Metal Clay a winning choice for MW instructor Michela Verani

by Metalwerx on September 6, 2011

Winning four awards in as many months has left Metalwerx instructor Michela ‘Mikki’ Verani ecstatic: “It’s amazing. I’m shocked. On cloud nine.”

In April, Mikki won second prize in the Bead Dreams Competition  for her metal clay scatter pin, “Dragonfly Nymph”. One month later, Mikki was awarded the Employee’s Choice Grand Prize in the Fire Mountain Gems Competition for her two-part “Dragon’s Hoard” pendant. Her winning streak continued into July with prizes in Art Clay World’s North American Design Competition for her metal clay bracelet, “Garden Dreams”, and the Art Clay Club Chairman Award for her “Iris Inro” pendant.

Dragonfly Nymph pendant, silver, moonstones

But that’s not all. It’s the second year in a row that her work was selected for publication in the PMC Guild’s fifth Annual, a yearly compilation of the best work in metal clay, this time for “Fern Box”. The Annual will be made available in October, which also happens to be when her how-to article, “Ice Storm Pendant,” will be published in Bead Unique Magazine.

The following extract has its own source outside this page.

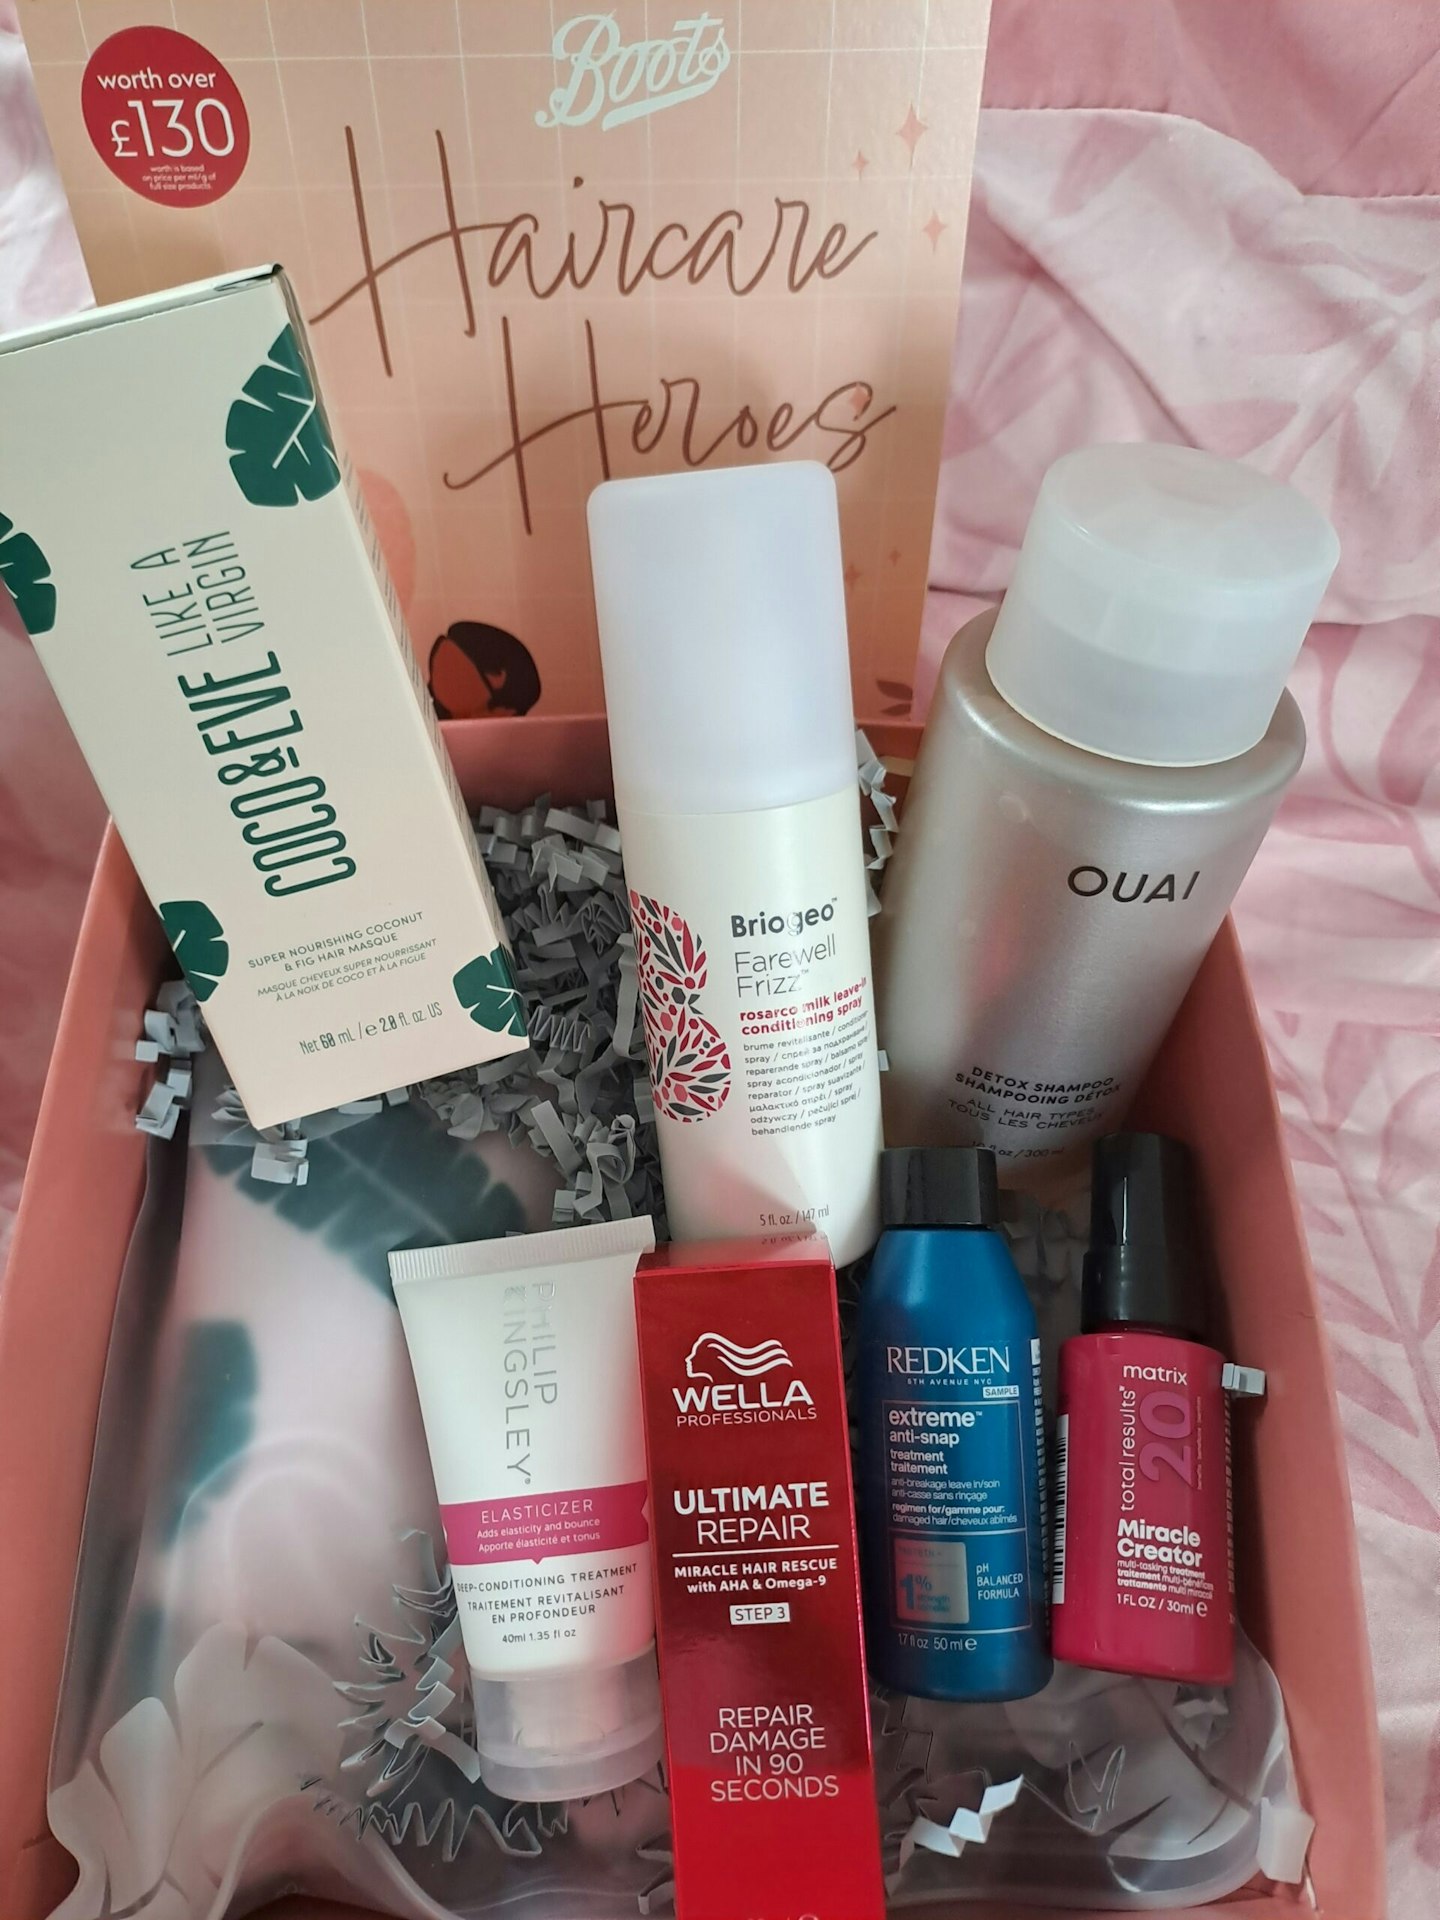 Boots Premium Salon Haircare Heroes Box with products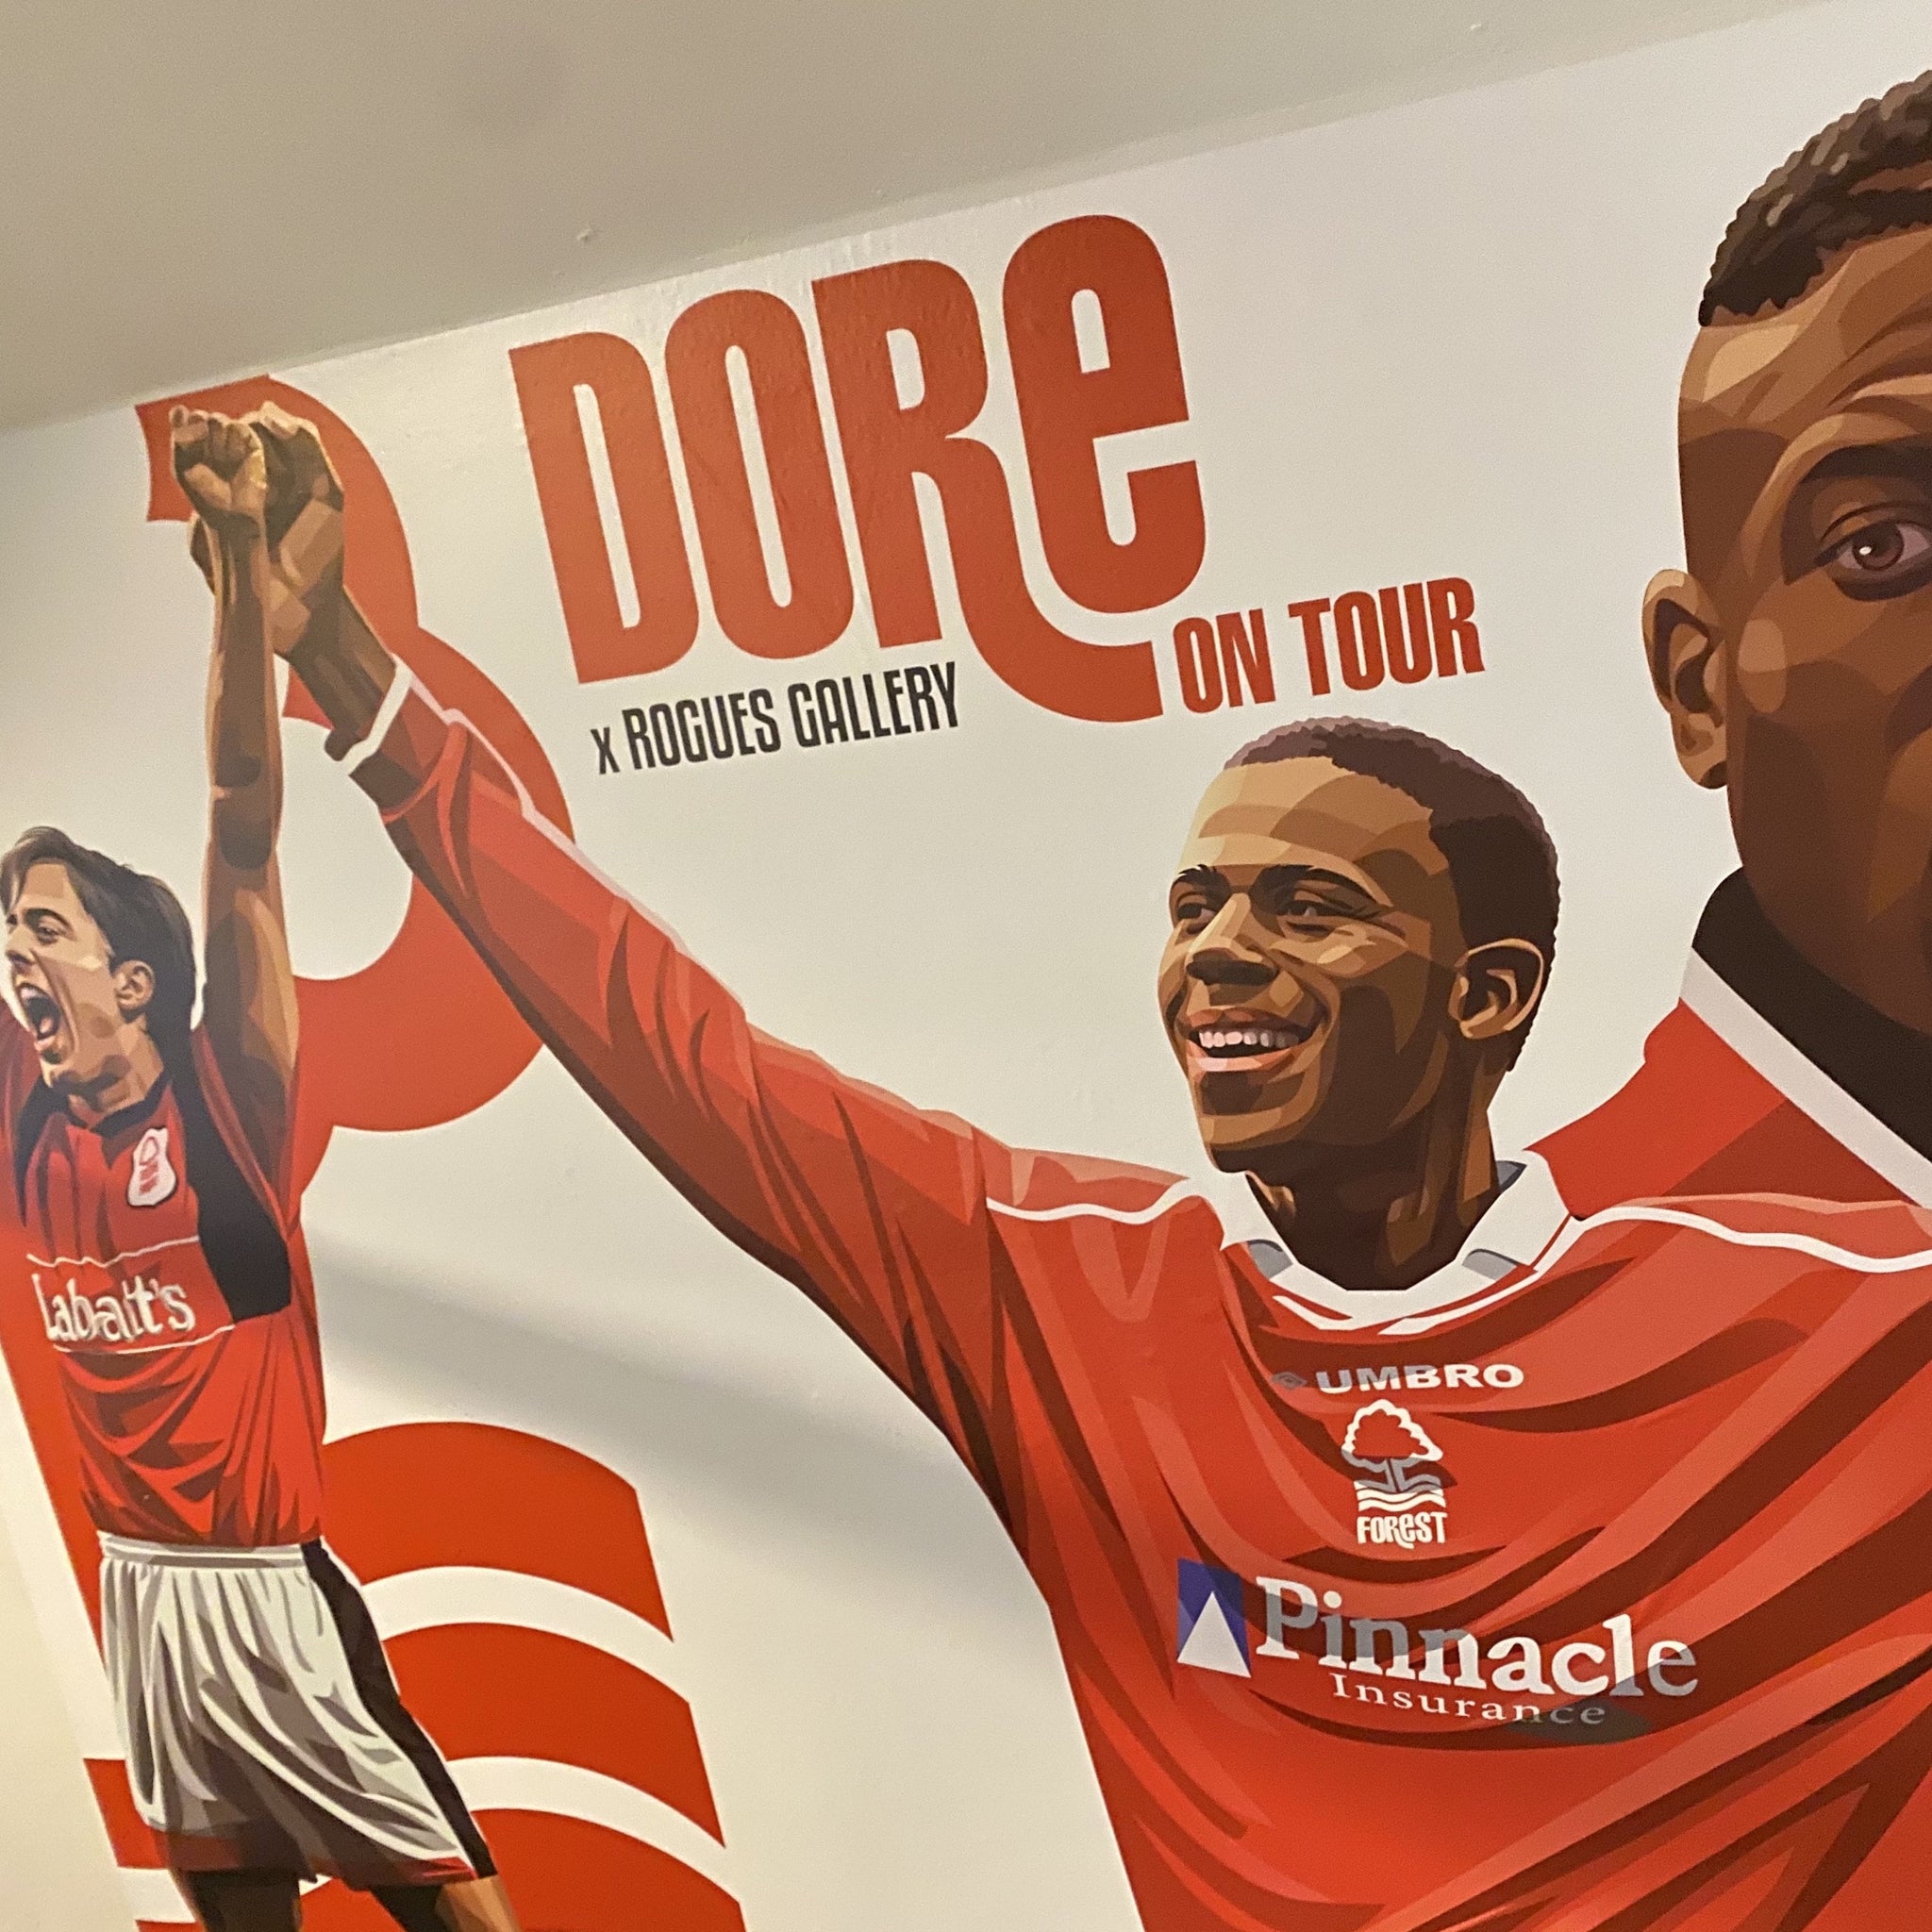 Ian Woan Bart-Williams Rogues' Gallery custom wall vinyls Dore On Tour Nottingham Forest

“It tells me I went into the right area. That I can submit to contests that have hundreds or more people entering, and come out in the top three,” Mikki said. “I’m moving in the right area in my work, and it’s good work. I guess I’m getting to the top of my game!”

The Dragon's Hoard

Mikki will share her metal clay expertise in three Metalwerx classes this fall, Intro to Metal Clay, Intermediate Metal Clay Techniques, and Advanced Metal Clay Techniques. She has achieved Level II in the Metal Clay Master’s Registry, one of the first in the world to achieve this credentialing, and is also an Art Clay Certifying Senior Instructor.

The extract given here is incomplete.